🤖 AI Summary
Existing surgical action triplet recognition methods rely on frame-level classification, failing to associate actions with specific instrument instances; spatial localization typically employs class activation maps, lacking the fine-grained precision and robustness required for instrument–tissue interaction modeling. To address these limitations, we propose a novel task—**instance-level surgical action triplet segmentation**—and introduce CholecTriplet-Seg, the first large-scale, densely annotated dataset enabling spatial grounding of <instrument, action, target> triplets. We further design TargetFusionNet, the first strongly supervised instance segmentation framework for this task, integrating instrument instance queries with weak anatomical priors via a target-aware fusion mechanism. Our approach achieves state-of-the-art performance across recognition, detection, and triplet segmentation metrics, demonstrating that joint modeling of instance-level supervision and target-informed anatomical priors significantly enhances surgical scene understanding.
📝 Abstract
Understanding surgical instrument-tissue interactions requires not only identifying which instrument performs which action on which anatomical target, but also grounding these interactions spatially within the surgical scene.
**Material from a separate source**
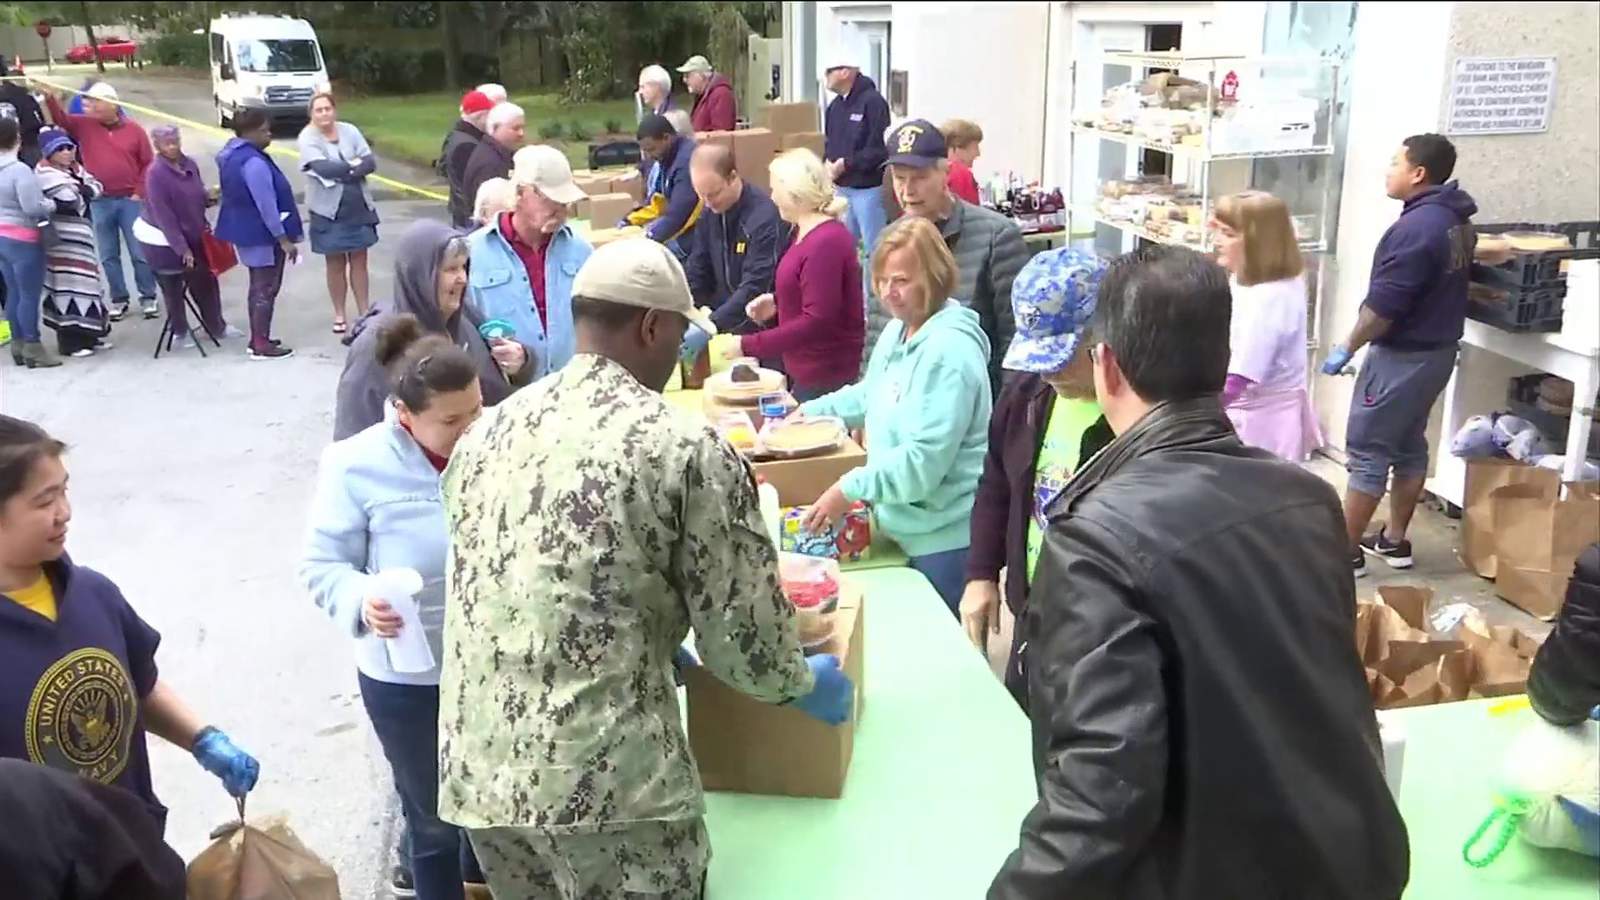 Dozens wait overnight for Thanksgiving meal from Mandarin Food Bank

Existing surgical action triplet recognition methods are limited to learning from frame-level classification, failing to reliably link actions to specific instrument instances.Previous attempts at spatial grounding have primarily relied on class activation maps, which lack the precision and robustness required for detailed instrument-tissue interaction analysis.To address this gap, we propose grounding surgical action triplets with instrument instance segmentation, or triplet segmentation for short, a new unified task which produces spatially grounded <instrument, verb, target> outputs.We start by presenting CholecTriplet-Seg, a large-scale dataset containing over 30,000 annotated frames, linking instrument instance masks with action verb and anatomical target annotations, and establishing the first benchmark for strongly supervised, instance-level triplet grounding and evaluation.To learn triplet segmentation, we propose TargetFusionNet, a novel architecture that extends Mask2Former with a target-aware fusion mechanism to address the challenge of accurate anatomical target prediction by fusing weak anatomy priors with instrument instance queries.Evaluated across recognition, detection, and triplet segmentation metrics, TargetFusionNet consistently improves performance over existing baselines, demonstrating that strong instance supervision combined with weak target priors significantly enhances the accuracy and robustness of surgical action understanding.Triplet segmentation establishes a unified framework for spatially grounding surgical action triplets. The proposed benchmark and architecture pave the way for more interpretable, surgical scene understanding.